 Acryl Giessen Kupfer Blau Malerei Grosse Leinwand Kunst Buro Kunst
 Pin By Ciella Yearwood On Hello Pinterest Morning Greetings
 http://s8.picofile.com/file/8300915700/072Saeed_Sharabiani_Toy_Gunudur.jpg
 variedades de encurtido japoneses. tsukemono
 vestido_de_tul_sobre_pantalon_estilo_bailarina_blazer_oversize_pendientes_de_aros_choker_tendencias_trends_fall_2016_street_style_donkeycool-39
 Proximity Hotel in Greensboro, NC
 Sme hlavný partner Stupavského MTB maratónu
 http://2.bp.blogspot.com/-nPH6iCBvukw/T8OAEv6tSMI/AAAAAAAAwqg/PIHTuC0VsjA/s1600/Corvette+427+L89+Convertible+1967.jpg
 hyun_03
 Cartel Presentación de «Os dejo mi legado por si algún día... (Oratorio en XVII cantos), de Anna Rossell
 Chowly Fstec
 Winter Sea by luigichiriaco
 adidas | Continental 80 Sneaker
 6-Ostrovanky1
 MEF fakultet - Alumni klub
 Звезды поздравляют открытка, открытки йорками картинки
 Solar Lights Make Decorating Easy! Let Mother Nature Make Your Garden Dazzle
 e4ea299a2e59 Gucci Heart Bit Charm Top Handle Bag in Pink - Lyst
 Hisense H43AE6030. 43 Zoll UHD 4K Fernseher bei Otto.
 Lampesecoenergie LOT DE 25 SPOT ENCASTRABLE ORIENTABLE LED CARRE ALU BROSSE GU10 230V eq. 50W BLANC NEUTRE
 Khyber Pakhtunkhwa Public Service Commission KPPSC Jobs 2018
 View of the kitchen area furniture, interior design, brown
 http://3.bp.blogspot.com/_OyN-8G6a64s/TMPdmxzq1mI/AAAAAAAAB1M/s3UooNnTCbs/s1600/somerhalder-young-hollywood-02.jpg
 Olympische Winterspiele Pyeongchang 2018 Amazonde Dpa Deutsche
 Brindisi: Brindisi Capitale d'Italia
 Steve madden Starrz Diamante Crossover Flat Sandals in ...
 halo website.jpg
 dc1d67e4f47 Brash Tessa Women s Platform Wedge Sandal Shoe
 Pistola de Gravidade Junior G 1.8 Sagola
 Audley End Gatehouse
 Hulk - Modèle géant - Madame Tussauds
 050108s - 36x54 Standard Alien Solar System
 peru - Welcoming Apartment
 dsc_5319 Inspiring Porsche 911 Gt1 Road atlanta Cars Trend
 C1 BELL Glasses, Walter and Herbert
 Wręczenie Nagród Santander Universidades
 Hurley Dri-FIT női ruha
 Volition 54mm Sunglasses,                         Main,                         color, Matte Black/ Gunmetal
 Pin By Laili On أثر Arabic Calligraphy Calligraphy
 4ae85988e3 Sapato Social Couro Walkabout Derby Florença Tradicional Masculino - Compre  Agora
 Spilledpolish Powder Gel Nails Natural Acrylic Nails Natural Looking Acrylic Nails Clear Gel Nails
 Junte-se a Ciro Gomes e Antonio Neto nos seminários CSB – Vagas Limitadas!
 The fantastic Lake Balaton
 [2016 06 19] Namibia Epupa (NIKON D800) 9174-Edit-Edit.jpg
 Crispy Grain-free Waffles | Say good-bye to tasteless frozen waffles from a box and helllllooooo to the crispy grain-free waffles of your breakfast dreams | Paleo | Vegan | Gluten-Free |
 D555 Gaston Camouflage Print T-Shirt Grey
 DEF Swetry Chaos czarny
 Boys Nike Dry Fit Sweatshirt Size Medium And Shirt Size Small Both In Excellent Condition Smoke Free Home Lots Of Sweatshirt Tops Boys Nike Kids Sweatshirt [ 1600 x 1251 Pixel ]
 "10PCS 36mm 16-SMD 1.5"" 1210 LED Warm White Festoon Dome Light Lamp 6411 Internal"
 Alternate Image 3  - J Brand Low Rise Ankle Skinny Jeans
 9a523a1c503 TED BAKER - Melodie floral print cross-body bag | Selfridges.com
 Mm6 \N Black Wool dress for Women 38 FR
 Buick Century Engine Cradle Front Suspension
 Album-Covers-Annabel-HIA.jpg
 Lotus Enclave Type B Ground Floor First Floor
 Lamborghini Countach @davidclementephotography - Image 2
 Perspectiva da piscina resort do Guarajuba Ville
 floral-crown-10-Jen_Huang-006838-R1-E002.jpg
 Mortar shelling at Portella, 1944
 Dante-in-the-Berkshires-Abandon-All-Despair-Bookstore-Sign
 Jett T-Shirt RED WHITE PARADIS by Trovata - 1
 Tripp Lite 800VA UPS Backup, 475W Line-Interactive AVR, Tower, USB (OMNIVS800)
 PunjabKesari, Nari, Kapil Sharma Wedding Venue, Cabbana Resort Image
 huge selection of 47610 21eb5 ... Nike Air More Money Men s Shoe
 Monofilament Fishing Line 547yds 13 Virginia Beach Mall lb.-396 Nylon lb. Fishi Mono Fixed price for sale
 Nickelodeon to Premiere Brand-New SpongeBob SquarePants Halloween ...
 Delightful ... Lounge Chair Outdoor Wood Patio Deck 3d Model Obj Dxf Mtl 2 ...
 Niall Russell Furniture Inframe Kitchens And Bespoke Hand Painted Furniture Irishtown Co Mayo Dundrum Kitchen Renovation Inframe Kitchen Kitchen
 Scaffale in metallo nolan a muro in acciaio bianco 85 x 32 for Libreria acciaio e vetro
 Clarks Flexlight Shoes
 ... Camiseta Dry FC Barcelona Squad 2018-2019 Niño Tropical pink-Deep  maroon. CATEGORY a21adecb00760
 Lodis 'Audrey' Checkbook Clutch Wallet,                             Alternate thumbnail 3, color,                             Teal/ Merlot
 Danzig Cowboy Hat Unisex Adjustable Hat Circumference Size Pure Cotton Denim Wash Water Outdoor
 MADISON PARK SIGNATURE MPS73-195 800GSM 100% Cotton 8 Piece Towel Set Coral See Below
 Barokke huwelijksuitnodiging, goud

☆ ☆ ☆ ☆ ☆ ☆ ☆

Problem details> From the first line to the last, transcribe the listing exactly.

Task response>
 Acryl Giessen Kupfer Blau Malerei Grosse Leinwand Kunst Buro Kunst
 Pin By Ciella Yearwood On Hello Pinterest Morning Greetings
 http://s8.picofile.com/file/8300915700/072Saeed_Sharabiani_Toy_Gunudur.jpg
 variedades de encurtido japoneses. tsukemono
 vestido_de_tul_sobre_pantalon_estilo_bailarina_blazer_oversize_pendientes_de_aros_choker_tendencias_trends_fall_2016_street_style_donkeycool-39
 Proximity Hotel in Greensboro, NC
 Sme hlavný partner Stupavského MTB maratónu
 http://2.bp.blogspot.com/-nPH6iCBvukw/T8OAEv6tSMI/AAAAAAAAwqg/PIHTuC0VsjA/s1600/Corvette+427+L89+Convertible+1967.jpg
 hyun_03
 Cartel Presentación de «Os dejo mi legado por si algún día... (Oratorio en XVII cantos), de Anna Rossell
 Chowly Fstec
 Winter Sea by luigichiriaco
 adidas | Continental 80 Sneaker
 6-Ostrovanky1
 MEF fakultet - Alumni klub
 Звезды поздравляют открытка, открытки йорками картинки
 Solar Lights Make Decorating Easy! Let Mother Nature Make Your Garden Dazzle
 e4ea299a2e59 Gucci Heart Bit Charm Top Handle Bag in Pink - Lyst
 Hisense H43AE6030. 43 Zoll UHD 4K Fernseher bei Otto.
 Lampesecoenergie LOT DE 25 SPOT ENCASTRABLE ORIENTABLE LED CARRE ALU BROSSE GU10 230V eq. 50W BLANC NEUTRE
 Khyber Pakhtunkhwa Public Service Commission KPPSC Jobs 2018
 View of the kitchen area furniture, interior design, brown
 http://3.bp.blogspot.com/_OyN-8G6a64s/TMPdmxzq1mI/AAAAAAAAB1M/s3UooNnTCbs/s1600/somerhalder-young-hollywood-02.jpg
 Olympische Winterspiele Pyeongchang 2018 Amazonde Dpa Deutsche
 Brindisi: Brindisi Capitale d'Italia
 Steve madden Starrz Diamante Crossover Flat Sandals in ...
 halo website.jpg
 dc1d67e4f47 Brash Tessa Women s Platform Wedge Sandal Shoe
 Pistola de Gravidade Junior G 1.8 Sagola
 Audley End Gatehouse
 Hulk - Modèle géant - Madame Tussauds
 050108s - 36x54 Standard Alien Solar System
 peru - Welcoming Apartment
 dsc_5319 Inspiring Porsche 911 Gt1 Road atlanta Cars Trend
 C1 BELL Glasses, Walter and Herbert
 Wręczenie Nagród Santander Universidades
 Hurley Dri-FIT női ruha
 Volition 54mm Sunglasses,                         Main,                         color, Matte Black/ Gunmetal
 Pin By Laili On أثر Arabic Calligraphy Calligraphy
 4ae85988e3 Sapato Social Couro Walkabout Derby Florença Tradicional Masculino - Compre  Agora
 Spilledpolish Powder Gel Nails Natural Acrylic Nails Natural Looking Acrylic Nails Clear Gel Nails
 Junte-se a Ciro Gomes e Antonio Neto nos seminários CSB – Vagas Limitadas!
 The fantastic Lake Balaton
 [2016 06 19] Namibia Epupa (NIKON D800) 9174-Edit-Edit.jpg
 Crispy Grain-free Waffles | Say good-bye to tasteless frozen waffles from a box and helllllooooo to the crispy grain-free waffles of your breakfast dreams | Paleo | Vegan | Gluten-Free |
 D555 Gaston Camouflage Print T-Shirt Grey
 DEF Swetry Chaos czarny
 Boys Nike Dry Fit Sweatshirt Size Medium And Shirt Size Small Both In Excellent Condition Smoke Free Home Lots Of Sweatshirt Tops Boys Nike Kids Sweatshirt [ 1600 x 1251 Pixel ]
 "10PCS 36mm 16-SMD 1.5"" 1210 LED Warm White Festoon Dome Light Lamp 6411 Internal"
 Alternate Image 3  - J Brand Low Rise Ankle Skinny Jeans
 9a523a1c503 TED BAKER - Melodie floral print cross-body bag | Selfridges.com
 Mm6 \N Black Wool dress for Women 38 FR
 Buick Century Engine Cradle Front Suspension
 Album-Covers-Annabel-HIA.jpg
 Lotus Enclave Type B Ground Floor First Floor
 Lamborghini Countach @davidclementephotography - Image 2
 Perspectiva da piscina resort do Guarajuba Ville
 floral-crown-10-Jen_Huang-006838-R1-E002.jpg
 Mortar shelling at Portella, 1944
 Dante-in-the-Berkshires-Abandon-All-Despair-Bookstore-Sign
 Jett T-Shirt RED WHITE PARADIS by Trovata - 1
 Tripp Lite 800VA UPS Backup, 475W Line-Interactive AVR, Tower, USB (OMNIVS800)
 PunjabKesari, Nari, Kapil Sharma Wedding Venue, Cabbana Resort Image
 huge selection of 47610 21eb5 ... Nike Air More Money Men s Shoe
 Monofilament Fishing Line 547yds 13 Virginia Beach Mall lb.-396 Nylon lb. Fishi Mono Fixed price for sale
 Nickelodeon to Premiere Brand-New SpongeBob SquarePants Halloween ...
 Delightful ... Lounge Chair Outdoor Wood Patio Deck 3d Model Obj Dxf Mtl 2 ...
 Niall Russell Furniture Inframe Kitchens And Bespoke Hand Painted Furniture Irishtown Co Mayo Dundrum Kitchen Renovation Inframe Kitchen Kitchen
 Scaffale in metallo nolan a muro in acciaio bianco 85 x 32 for Libreria acciaio e vetro
 Clarks Flexlight Shoes
 ... Camiseta Dry FC Barcelona Squad 2018-2019 Niño Tropical pink-Deep  maroon. CATEGORY a21adecb00760
 Lodis 'Audrey' Checkbook Clutch Wallet,                             Alternate thumbnail 3, color,                             Teal/ Merlot
 Danzig Cowboy Hat Unisex Adjustable Hat Circumference Size Pure Cotton Denim Wash Water Outdoor
 MADISON PARK SIGNATURE MPS73-195 800GSM 100% Cotton 8 Piece Towel Set Coral See Below
 Barokke huwelijksuitnodiging, goud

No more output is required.